How Canada’s legal system helped a Chinese gangster avoid deportation for decades
For almost as long as he’s lived in Canada, immigration officials have been trying to deport him.
Kwok Chung Tam is a 61-year-old convicted drug trafficker and an alleged kingpin of the notorious Chinese crime cartel, the Big Circle Boys.
READ MORE: Alleged ‘heavyweight’ gangster could be poster child for B.C.’s public inquiry into money laundering
But how has Tam — a man who between 1991 and 2014, was accused by Canadian law enforcement officials of being a heroin importer, a chemical drug lab operator and a “known loan shark” with a history of violence — been able to beat the system and defy a government that has long wanted him gone?
Global News has obtained thousands of documents that detail how Tam came to Canada, and how Canada’s criminal justice and immigration systems aided him in avoiding deportation.

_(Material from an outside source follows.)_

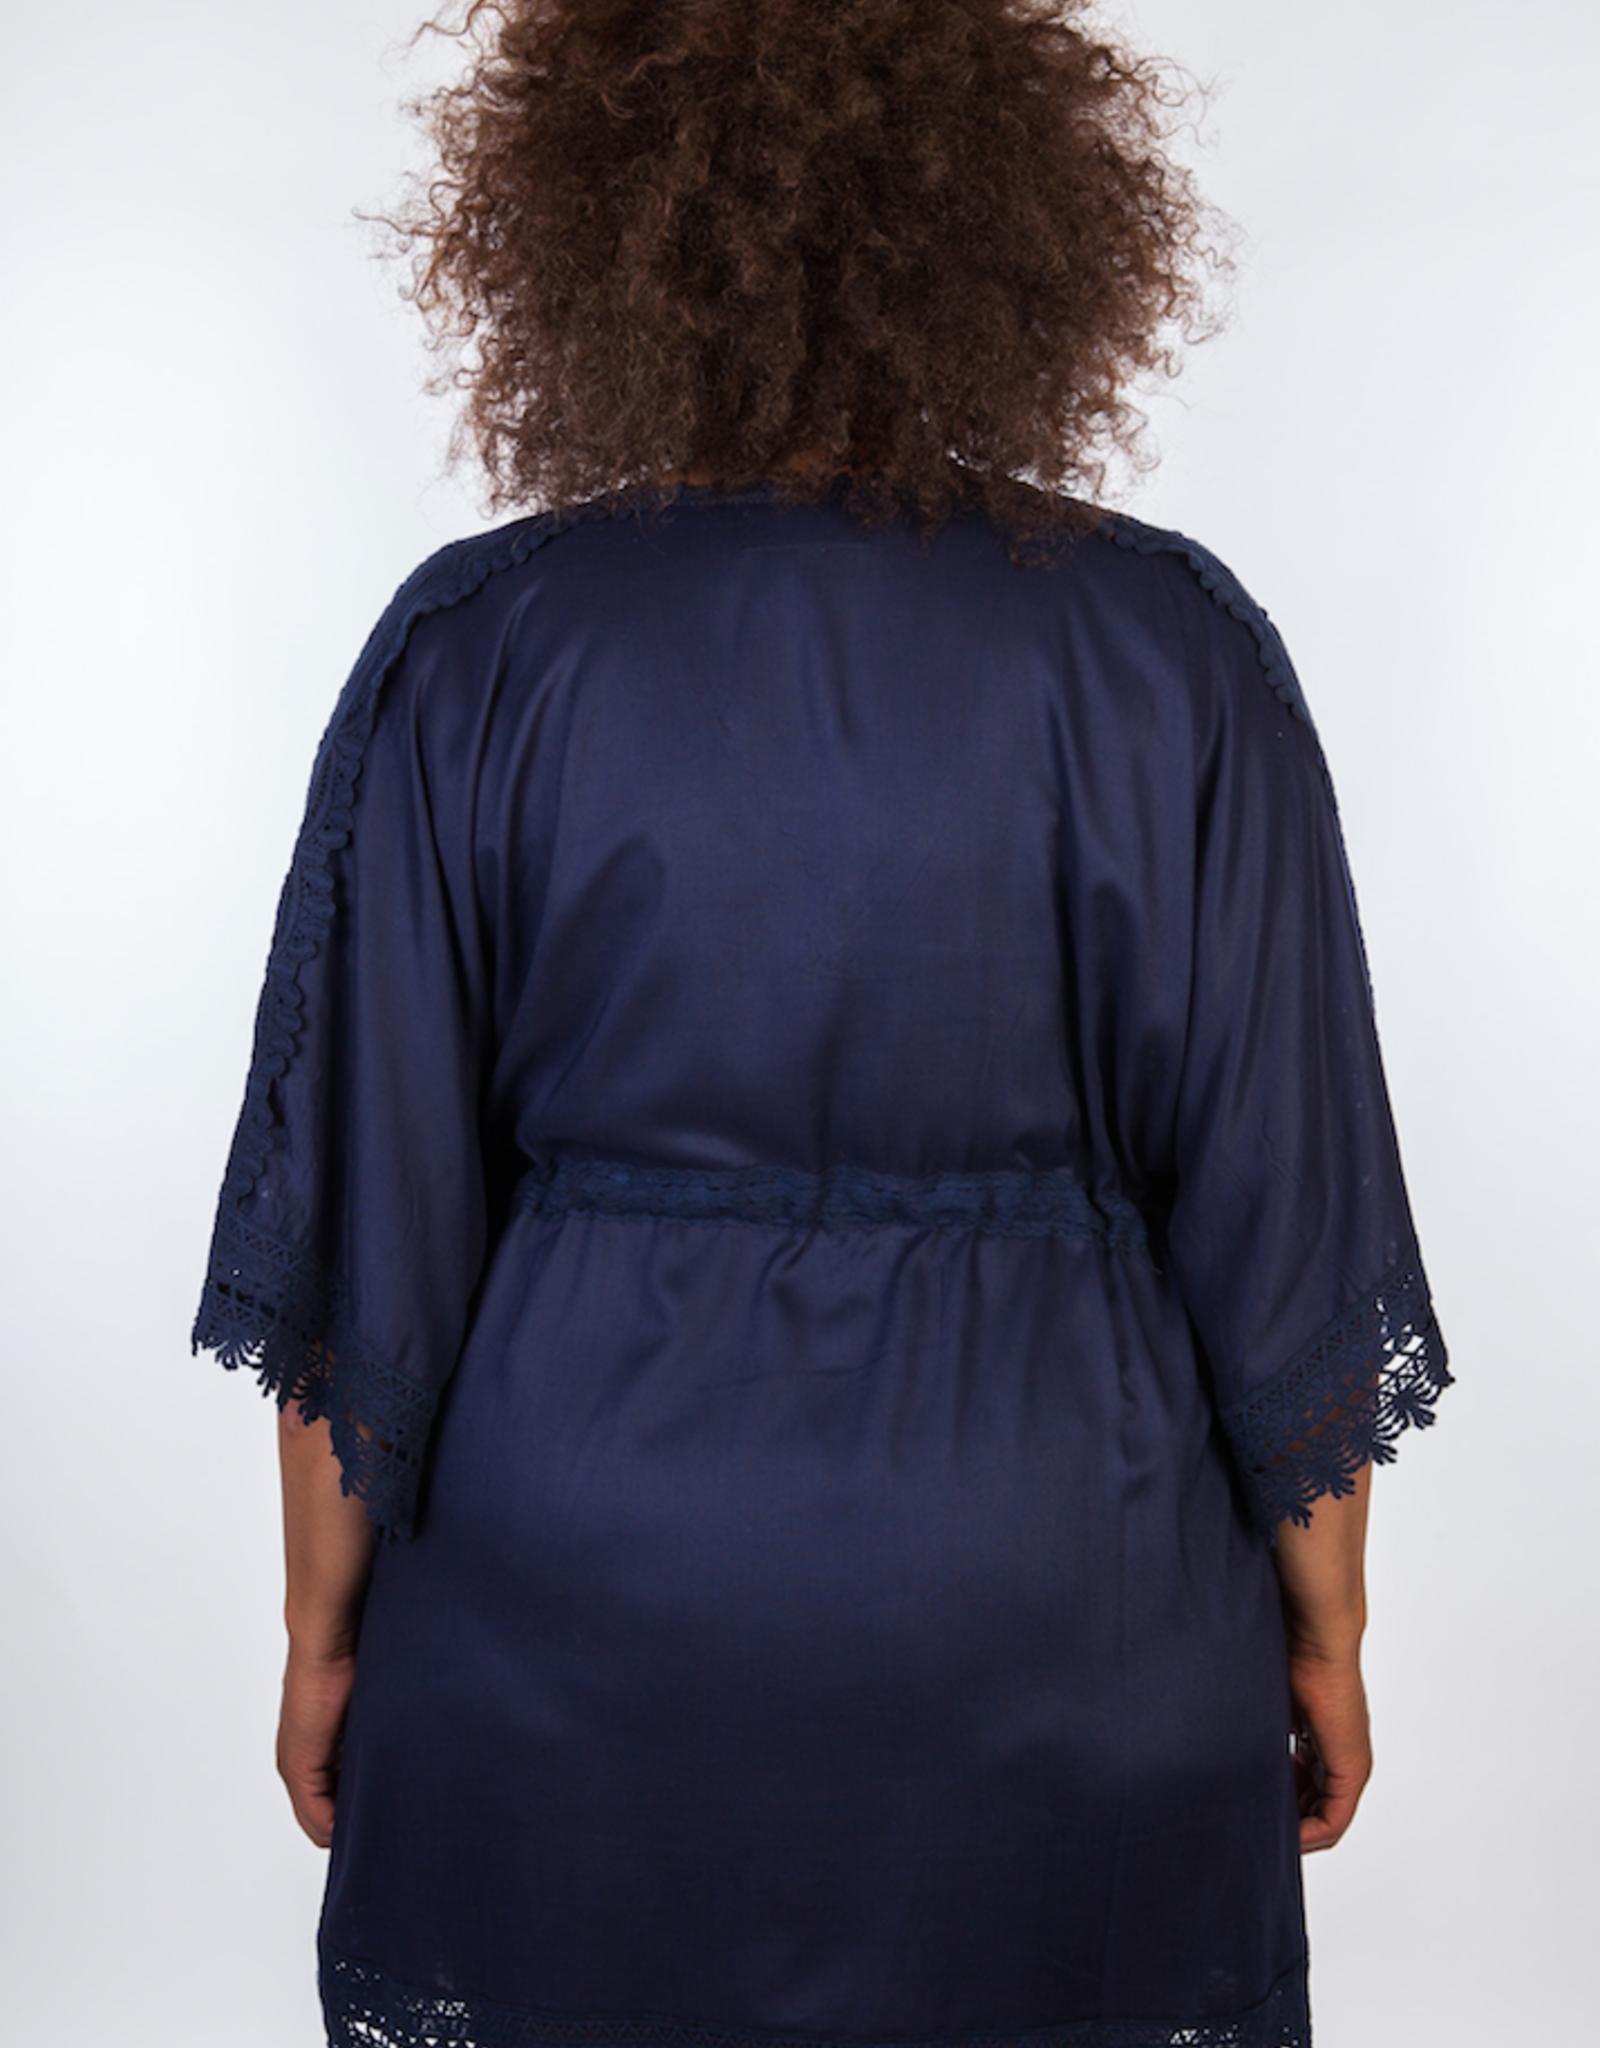 Dresskini Solid Dark Blue Lace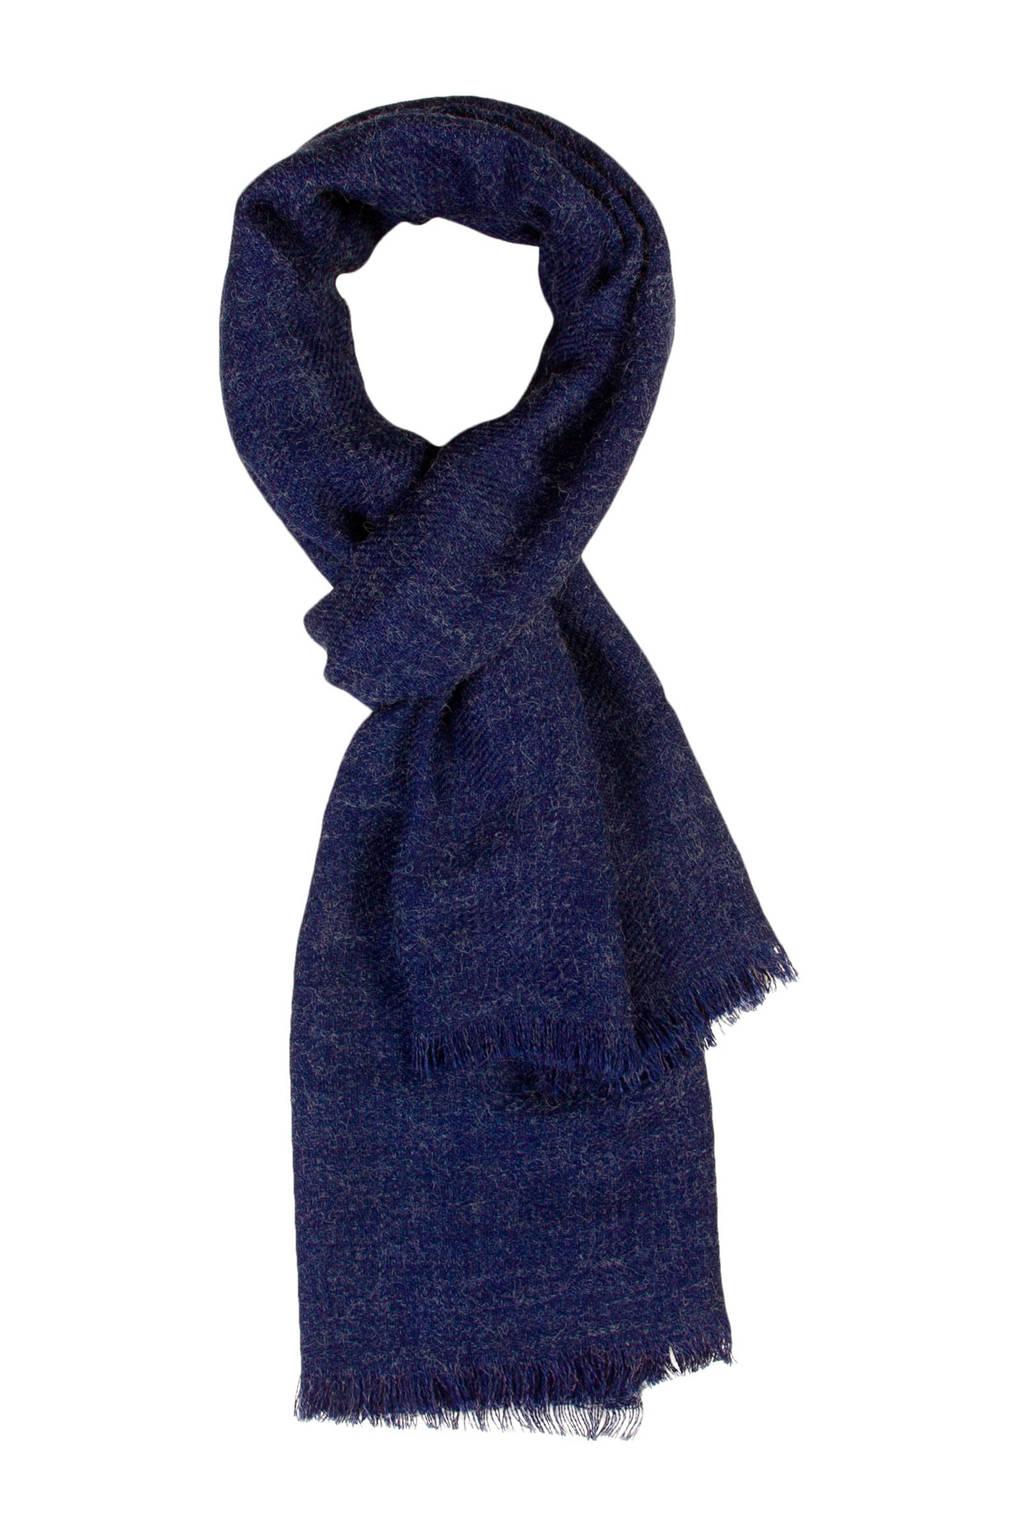 Miss Etam Accessoires sjaal blauw, Blauw

As Global News has reported, Tam’s powerful connections and alleged ties to organized crime could also make him the poster child for B.C.’s long-awaited public inquiry into money laundering.
Despite all this — and despite more than two decades of efforts to deport him — Tam has remained in Canada for the past 30 years, and according to recent legal filings, is believed to be living in his $900,000 Richmond, B.C., condo.
The records
Global News has reviewed thousands of pages of records prepared by Tam’s lawyer — Vancouver-based immigration lawyer Peter Larlee — and the government that were submitted to the federal court as part of an effort to keep Tam in Canada.
The records, which include volumes of immigration and law enforcement files stretching back to 1988, outline nearly three decades of alleged criminal activity and Tam’s alleged connections to organized crime.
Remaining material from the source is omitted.